23:12 gfredericks: #lifehack

23:12 cfleming: There you go

23:13 gfredericks: okay leaving for real this time

23:13 cfleming: Byeeeee

23:13 gfredericks: byeeeee

23:24 cddr: How would you quote this command so it can be run by clojure.shell? psql pfsc_connector_development -c "\d"

23:33 brehaut: cfleming: surely its too late on a friday to be thinking about stuff this complex?

23:34 cfleming: brehaut: I've spent most of the week wrangling regular expressions. It's time for something that actually makes sense.

23:34 brehaut: oh, well this is nice and light then.

23:34 as you were

23:35 cfleming: I'm not so sure about light, but it's definitely more interesting

23:40 Wow: http://curry-on.org/

23:40 That's what I call a speaker lineup.

23:41 brehaut: ztellman is speaking at the same time as cliff click. no pressure!

23:41 ztellman: haha, literally no pressure, there won't be anyone in the audience

23:41 cfleming: Fortunately I already know a few things that macros do.

23:41 :)

23:41 brehaut: lol

23:42 cfleming: ztellman: Congrats on the talk being accepted though, that looks like a great conference

23:42 ztellman: I am hilariously underqualified

23:42 but yeah, looking forward to it

23:43 cfleming: Meh - you've implemented an automata library, you're basically done.

23:43 ztellman: yeah, that basically describes the work of Wadler, Stroustrup, etc

23:43 cfleming: With a little embellishment around the edges, right

23:43 brehaut: just need to drop some pithy one liners and grow an epic beard?

23:44 TimMc: gfredericks: Check out .delete on List

23:45 Sorry, .remove actually. Takes int or Object. Terrible.

23:45 brehaut: people need to have these epic conferencse closer to new zealand

23:46 where by closer i mean in

23:46 cfleming: (inc brehaut)

23:46 lazybot: ⇒ 25

23:46 TimMc: same thing

23:46 cfleming: Although I'm actually in Europe for curry-on, not sure I can justify 600 euros though

23:48 brehaut: Yow!
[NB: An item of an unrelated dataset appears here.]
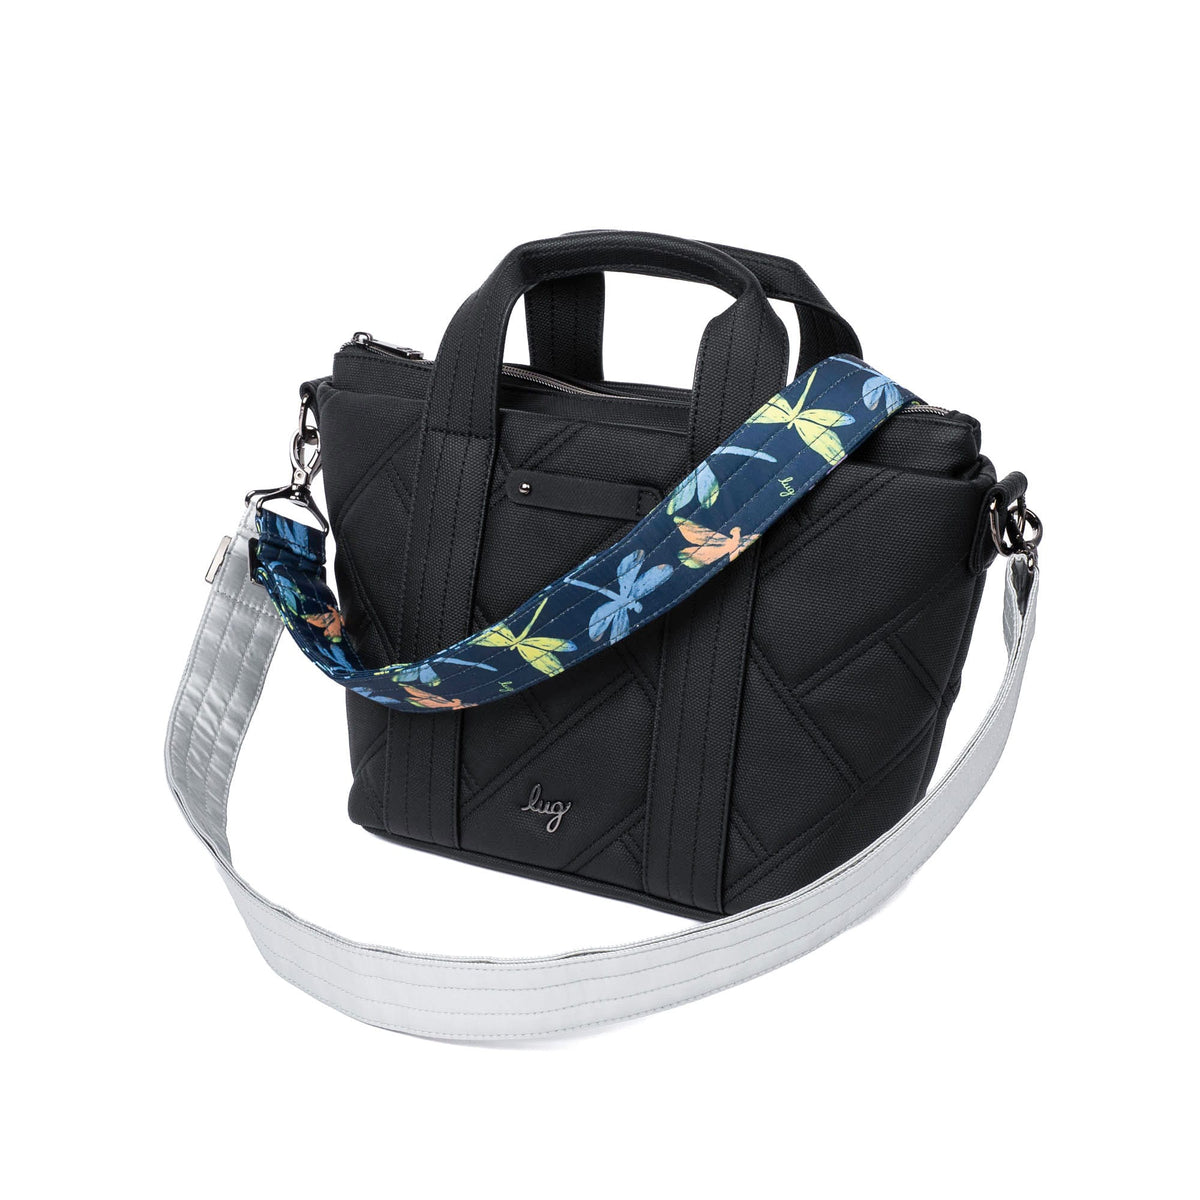 Adjustable 2pc Bag Straps - 1.5&quot;
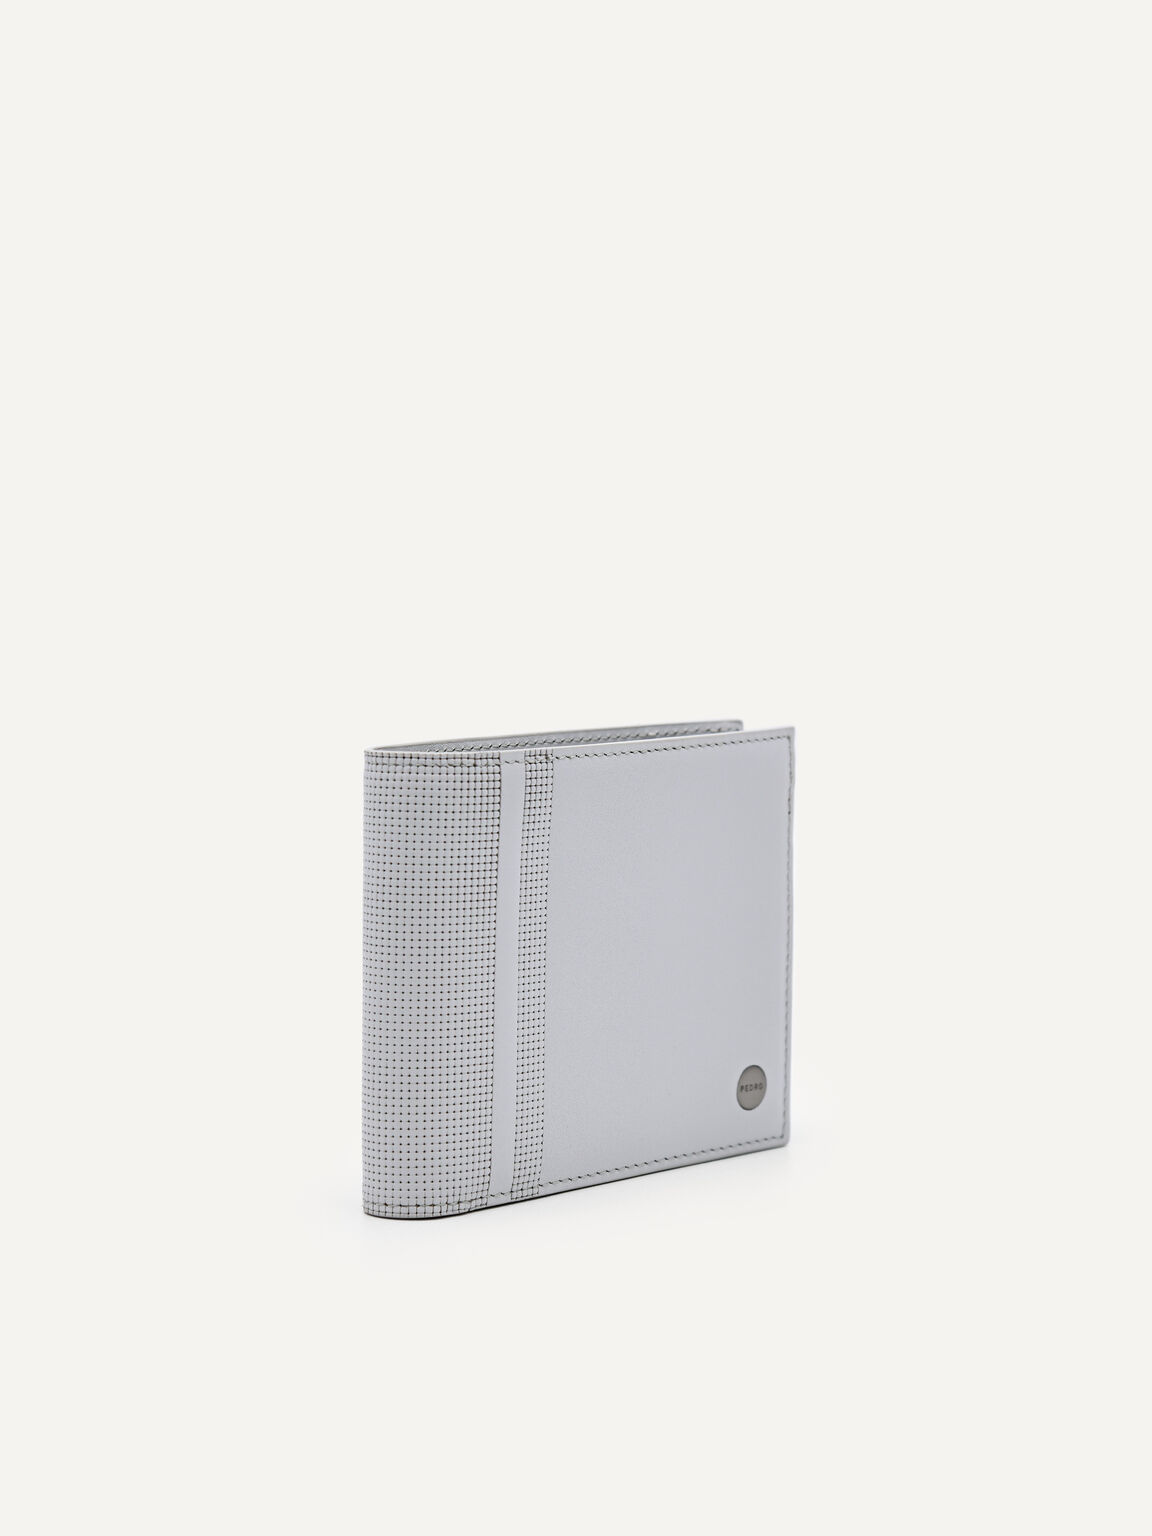 Oliver Leather Bi-Fold Wallet with Insert, Light Grey, hi-res

Lambda Jam is as good as it gets over here, I guess

23:48 brehaut: so ive heard

23:48 or teched

23:48 * brehaut snigges

23:49 brehaut: maybe conference organisers dont know that we have good beer in NZ

23:51 ztellman: I wouldn't say Prague has good beer

23:51 cheap beer, sure

23:52 brehaut: maybe thats the problem

23:52 we definately dont have cheap beer

23:53 TimMc: &(let [l (doto (java.util.ArrayList.) (.add 1) (.add 2) (.add 4)), x 1] [(.remove l x) l])

23:53 lazybot: ⇒ [2 [1 4]]

23:53 TimMc: &(let [l (doto (java.util.ArrayList.) (.add 1) (.add 2) (.add 4)), x (identity 1)] [(.remove l x) l])

23:53 lazybot: ⇒ [true [2 4]]

23:57 justin_smith: brehaut: new zealand sounds awesome, except for the serial teeth extracting scofflaws and such

23:58 cfleming: justin_smith: And the total absence of tech conferences

23:58 brehaut: justin_smith: wait what O_o

23:58 justin_smith: http://www.smh.com.au/world/man-surprised-women-by-pulling-out-their-teeth-with-pliers-court-is-told-20150430-1mwxy9.html

23:58 brehaut: i not sure i want to google this

23:59 justin_smith: basically dude got his kicks by involuntarilly pulling womens teeth out during sex...

23:59 cfleming: Holy crap

23:59 brehaut: O_O_O_O

23:59 cfleming: "When she told Hansen he shouldn't have done that, he tried to reassure her."

23:59 TimMc: I'm guessing that didn't last long.